## What the task asks
Return the listing below unchanged, minus its pictures.

## Supplied material
# # # # #
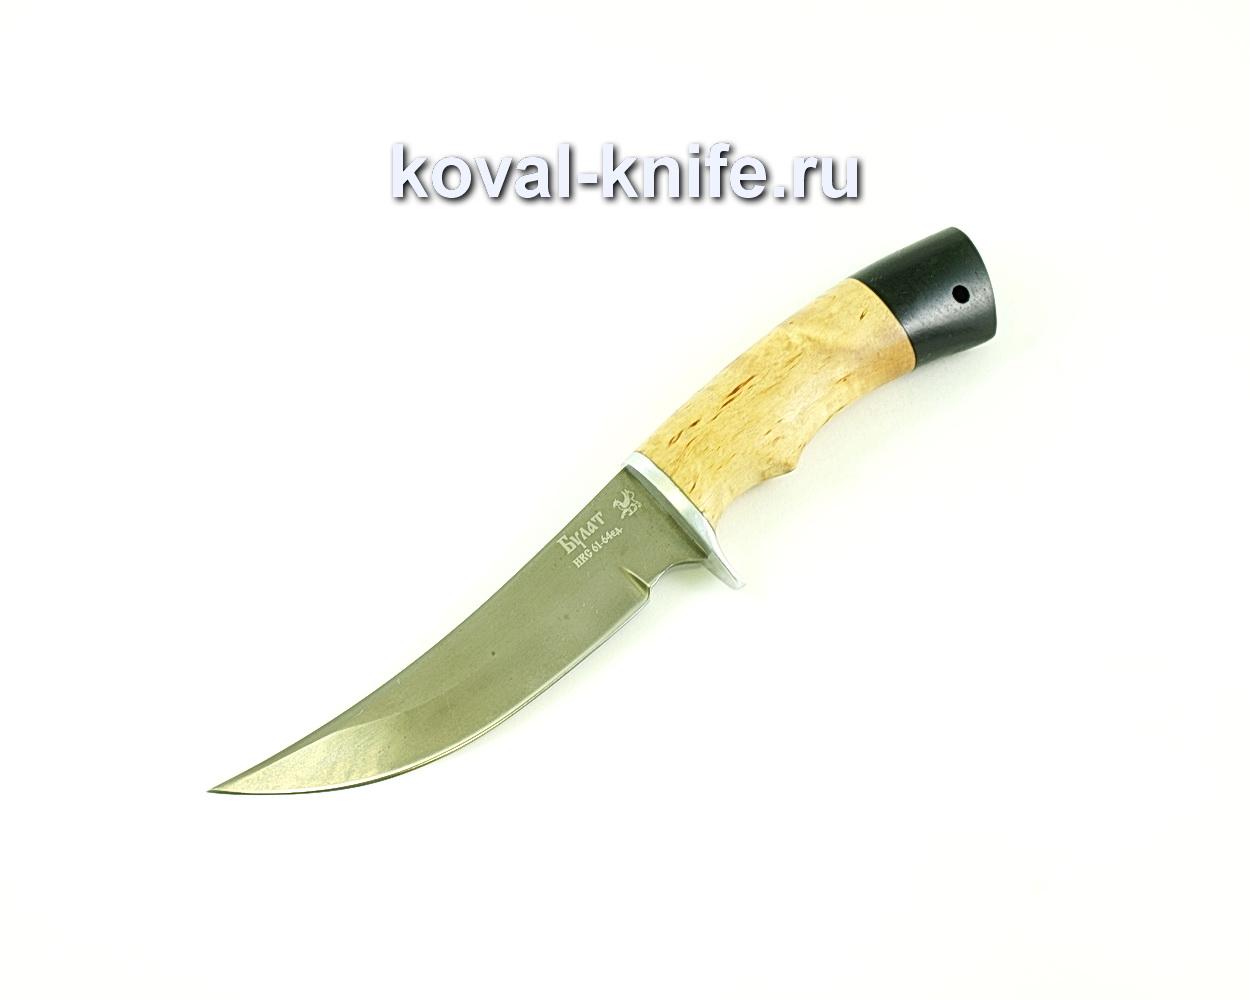 Нож Ворон (сталь Булат), рукоять карелка, граб A143
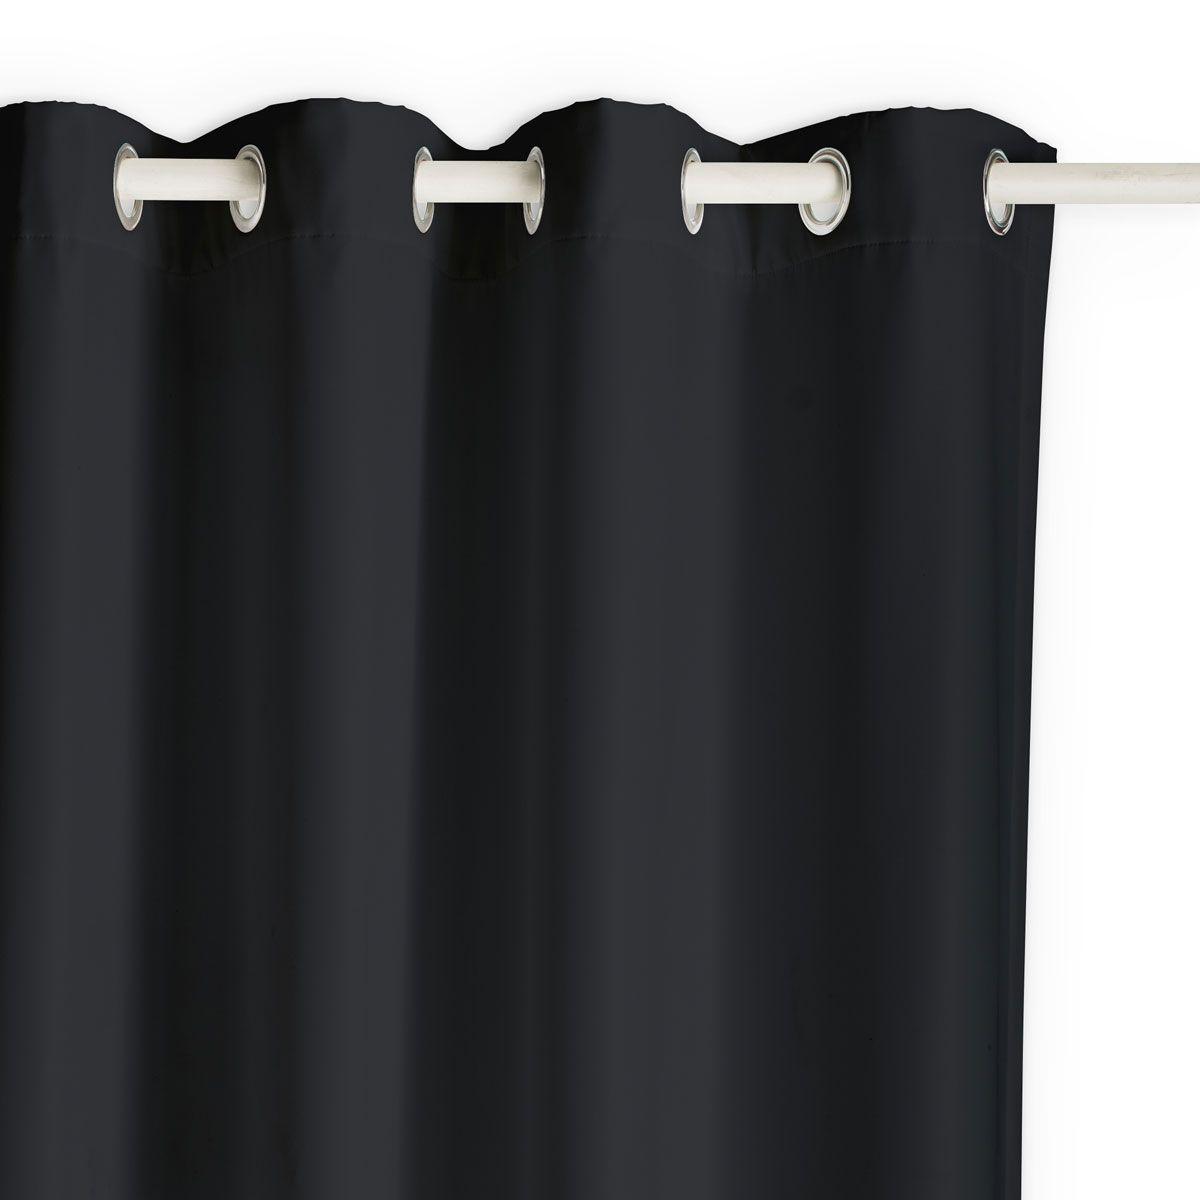 Rideau occultant Isolant buga noir 140x240cm
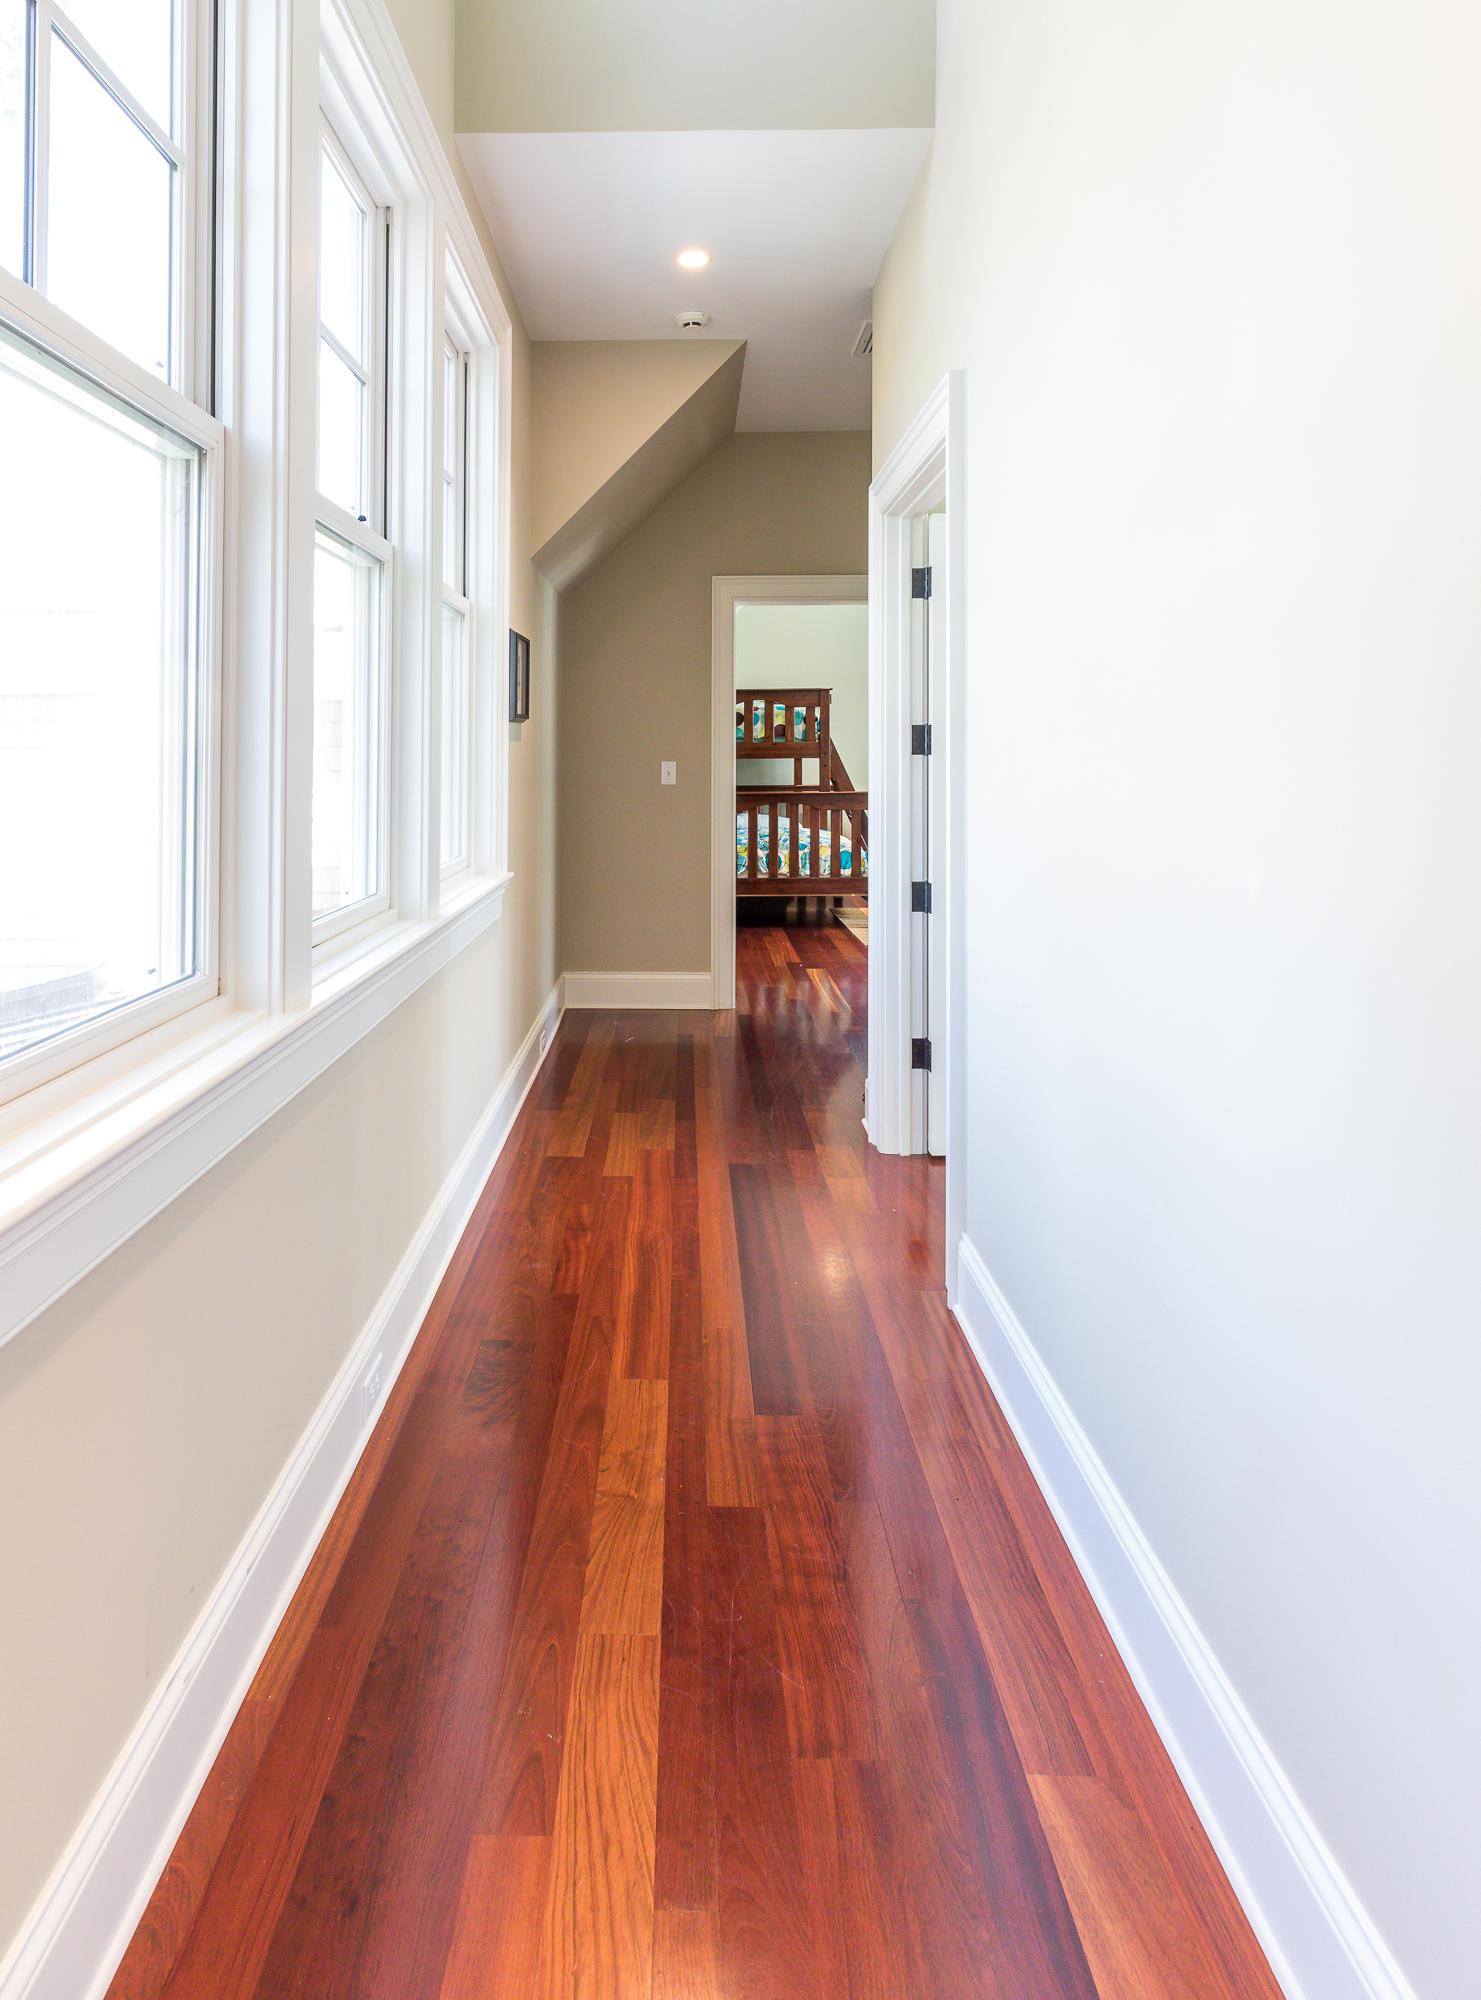 Egret/Pintail Homes For Sale - 117 Bufflehead, Kiawah Island, SC - 26
# # # # #
## Task response
 Нож Ворон (сталь Булат), рукоять карелка, граб A143
 Rideau occultant Isolant buga noir 140x240cm
 Egret/Pintail Homes For Sale - 117 Bufflehead, Kiawah Island, SC - 26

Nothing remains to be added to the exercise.